Exercise materials START
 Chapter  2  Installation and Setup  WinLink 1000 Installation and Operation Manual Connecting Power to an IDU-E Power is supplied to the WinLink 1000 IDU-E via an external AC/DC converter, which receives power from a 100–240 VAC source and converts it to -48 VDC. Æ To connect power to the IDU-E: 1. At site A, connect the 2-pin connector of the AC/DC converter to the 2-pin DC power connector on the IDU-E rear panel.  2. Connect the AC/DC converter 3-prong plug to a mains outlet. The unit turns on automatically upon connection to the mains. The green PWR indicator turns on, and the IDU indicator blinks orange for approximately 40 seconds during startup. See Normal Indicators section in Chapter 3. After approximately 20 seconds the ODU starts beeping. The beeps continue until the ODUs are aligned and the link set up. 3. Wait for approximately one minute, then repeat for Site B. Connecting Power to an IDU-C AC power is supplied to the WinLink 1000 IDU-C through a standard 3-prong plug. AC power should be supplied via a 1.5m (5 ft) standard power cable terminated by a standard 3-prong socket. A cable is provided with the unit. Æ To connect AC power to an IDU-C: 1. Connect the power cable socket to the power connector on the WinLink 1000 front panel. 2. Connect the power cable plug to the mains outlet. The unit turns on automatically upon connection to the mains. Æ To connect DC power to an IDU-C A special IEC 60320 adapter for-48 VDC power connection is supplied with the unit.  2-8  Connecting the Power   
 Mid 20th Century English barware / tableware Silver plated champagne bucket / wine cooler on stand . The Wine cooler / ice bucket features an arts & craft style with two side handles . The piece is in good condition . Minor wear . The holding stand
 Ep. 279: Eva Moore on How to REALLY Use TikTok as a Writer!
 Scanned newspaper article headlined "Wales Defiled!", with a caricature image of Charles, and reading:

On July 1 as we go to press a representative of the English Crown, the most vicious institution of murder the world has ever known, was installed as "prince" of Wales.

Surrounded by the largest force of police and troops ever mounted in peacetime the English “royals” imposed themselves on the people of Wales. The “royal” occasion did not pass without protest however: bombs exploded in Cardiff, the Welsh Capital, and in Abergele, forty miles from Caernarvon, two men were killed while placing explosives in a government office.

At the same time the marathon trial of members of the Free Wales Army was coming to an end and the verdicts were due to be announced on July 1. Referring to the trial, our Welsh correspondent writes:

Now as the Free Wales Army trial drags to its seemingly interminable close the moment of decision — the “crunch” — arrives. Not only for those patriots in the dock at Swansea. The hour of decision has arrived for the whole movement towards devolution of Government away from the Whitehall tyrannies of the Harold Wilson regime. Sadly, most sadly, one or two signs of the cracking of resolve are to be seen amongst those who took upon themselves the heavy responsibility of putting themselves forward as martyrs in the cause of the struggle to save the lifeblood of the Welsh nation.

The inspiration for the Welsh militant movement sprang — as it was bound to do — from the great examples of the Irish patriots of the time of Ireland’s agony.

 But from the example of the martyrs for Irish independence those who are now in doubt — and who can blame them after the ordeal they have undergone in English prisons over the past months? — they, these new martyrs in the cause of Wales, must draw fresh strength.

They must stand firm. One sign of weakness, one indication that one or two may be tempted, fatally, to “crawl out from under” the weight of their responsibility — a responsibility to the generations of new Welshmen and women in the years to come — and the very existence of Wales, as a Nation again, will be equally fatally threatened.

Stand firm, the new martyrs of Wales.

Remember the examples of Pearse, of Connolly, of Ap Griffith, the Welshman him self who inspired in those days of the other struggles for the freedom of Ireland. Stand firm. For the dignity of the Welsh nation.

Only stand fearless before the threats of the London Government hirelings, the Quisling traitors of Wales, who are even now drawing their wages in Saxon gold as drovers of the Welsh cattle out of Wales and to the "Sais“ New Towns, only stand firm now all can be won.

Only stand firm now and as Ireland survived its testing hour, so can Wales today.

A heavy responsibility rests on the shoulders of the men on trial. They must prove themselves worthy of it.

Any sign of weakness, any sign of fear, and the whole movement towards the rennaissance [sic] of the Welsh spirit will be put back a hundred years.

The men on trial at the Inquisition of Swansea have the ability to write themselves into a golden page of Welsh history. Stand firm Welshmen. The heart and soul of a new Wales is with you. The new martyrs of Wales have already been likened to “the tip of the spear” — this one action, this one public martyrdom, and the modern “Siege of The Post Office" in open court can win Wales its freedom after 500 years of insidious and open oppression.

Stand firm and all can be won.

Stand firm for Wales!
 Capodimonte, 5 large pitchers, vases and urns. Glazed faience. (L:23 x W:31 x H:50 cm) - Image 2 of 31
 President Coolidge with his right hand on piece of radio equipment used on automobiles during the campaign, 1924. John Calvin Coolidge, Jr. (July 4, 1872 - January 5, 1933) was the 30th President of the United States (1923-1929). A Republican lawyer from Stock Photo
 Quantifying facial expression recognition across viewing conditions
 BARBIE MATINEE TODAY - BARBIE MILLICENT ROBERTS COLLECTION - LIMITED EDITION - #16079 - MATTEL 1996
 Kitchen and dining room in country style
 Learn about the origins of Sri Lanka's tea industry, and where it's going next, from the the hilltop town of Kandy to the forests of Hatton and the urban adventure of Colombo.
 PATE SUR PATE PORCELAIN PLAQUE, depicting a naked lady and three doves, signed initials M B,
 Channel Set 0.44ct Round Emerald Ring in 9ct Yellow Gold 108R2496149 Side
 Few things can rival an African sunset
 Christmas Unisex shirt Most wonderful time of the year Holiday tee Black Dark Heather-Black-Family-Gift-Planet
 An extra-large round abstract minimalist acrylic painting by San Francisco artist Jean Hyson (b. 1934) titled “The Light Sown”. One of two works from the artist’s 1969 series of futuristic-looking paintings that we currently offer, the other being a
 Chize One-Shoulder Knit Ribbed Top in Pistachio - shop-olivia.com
Exercise materials END
Aim of the exercise> Extract every line from the records above that contains the word "piece".

Answer to this exercise>
 Mid 20th Century English barware / tableware Silver plated champagne bucket / wine cooler on stand . The Wine cooler / ice bucket features an arts & craft style with two side handles . The piece is in good condition . Minor wear . The holding stand
 President Coolidge with his right hand on piece of radio equipment used on automobiles during the campaign, 1924. John Calvin Coolidge, Jr. (July 4, 1872 - January 5, 1933) was the 30th President of the United States (1923-1929). A Republican lawyer from Stock Photo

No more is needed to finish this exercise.